Is the poem about the turtle, the bird, or the writer pondering the inequalities of the world? I quote it because it is evocative of the man who wrote it. Abbas would often surprise me with a comment or observation that would at first sound merely eccentric but which, upon further consideration, would prove to express an unforeseen truth. Small wonder, then, that a film about a convicted fraudster should convince us of the defendant’s goodness (Close-up, 1989); that a film about suicide should be a hymn to the simple pleasures of life on earth (Taste of Cherry, 1997); or that a film entirely set within a single car speaks hitherto undivulged volumes about the plight of women in modern Tehran (10).
Where would Abbas have gone next as a filmmaker? He had longer-term plans to shoot a feature in China, but in the meantime, since Like Someone in Love, he had been working, wholly by himself, on a characteristically personal project consisting of 24 four-minute films of a highly experimental nature, devised to explore the relationships between reality and representation, static images and moving pictures, perception, creativity and time.
The last time I saw him, over a couple of days last December at the Marrakech Film Festival, he showed me, on his laptop, nine of the 18 short films he had so far completed. Many of them began by showing a classic painting – Bruegel’s The Hunters in the Snow, say, or Millet’s The Gleaners – into which, after a few seconds, Abbas introduced sound and (through digital animation) a little movement.

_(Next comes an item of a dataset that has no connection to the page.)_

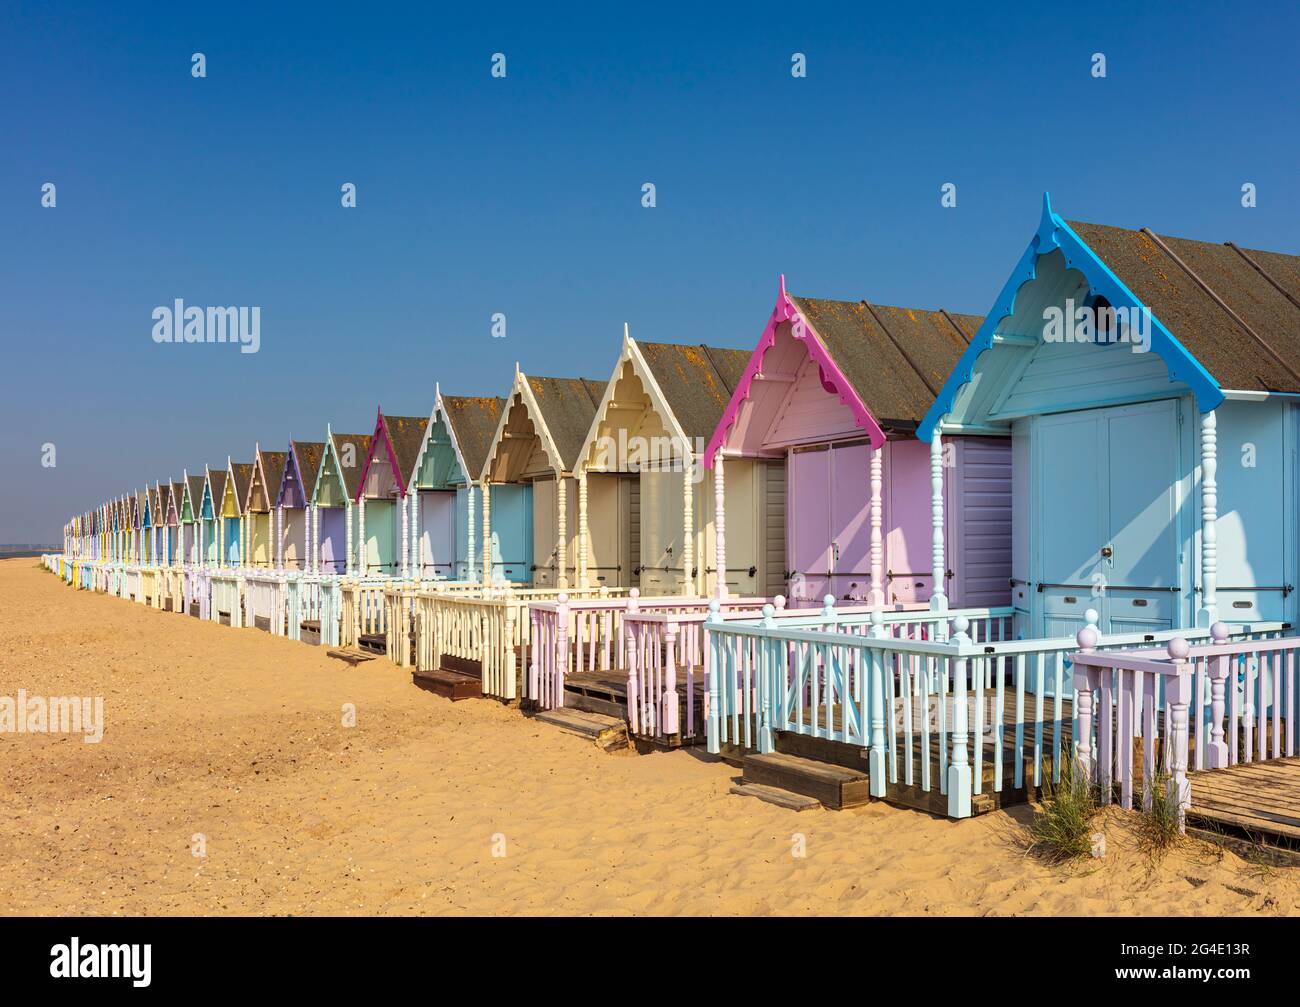 Cabañas de playa de colores pastel, Mersea Island, Essex, Reino Unido. Foto de stock

The idea was to imagine what the painter might actually have seen and heard while working on the picture in question; the results were inventive, illuminating, witty and often quite magical. Not all were based on paintings; some were live-action (of a sort) and bore some resemblance to episodes in Five. All, however, provided further evidence of Abbas’s abiding desire to deploy the cinematic apparatus in new and imaginative ways.

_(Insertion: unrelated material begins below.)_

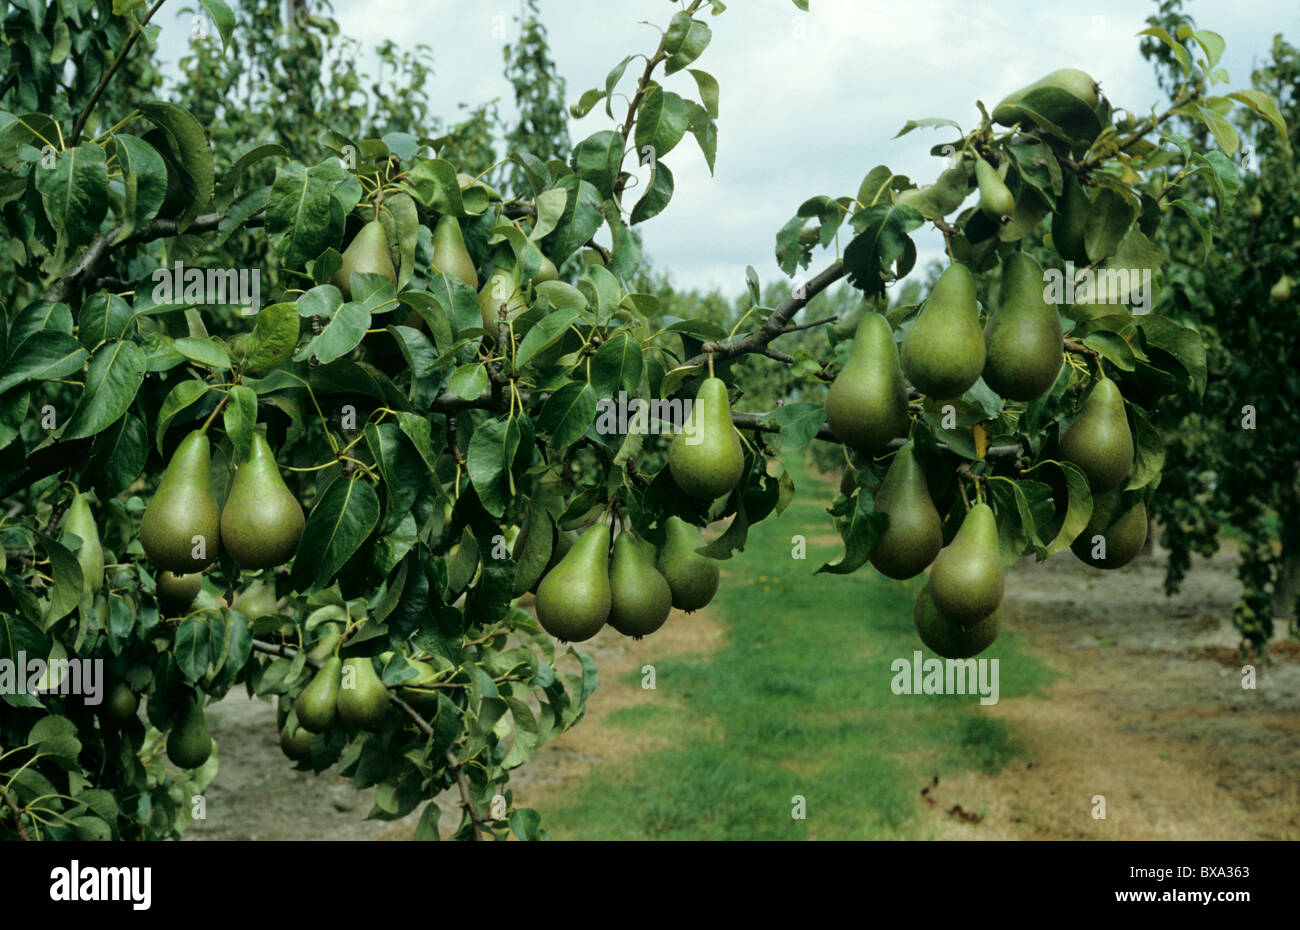 Grosse récolte de poires mûres variété Conférence sur l'arbre Banque D'Images

He hoped that the compilation, when all 24 shorts were completed to his satisfaction, might be made available to the public somehow. He recognised that it might appeal only to a comparatively small audience – but then he had never felt the need to compromise his ideas simply to win over a wider public. He simply enjoyed the work; indeed, he clearly found it hard not to work. His work had in many ways become his life.
It was through his work that I became a friend of Abbas Kiarostami, and that honour has left me both with a very deep sorrow that we shall never again spend time together, and with a treasure trove of warm and happy memories. The world has lost a truly great filmmaker, great artist and great human being.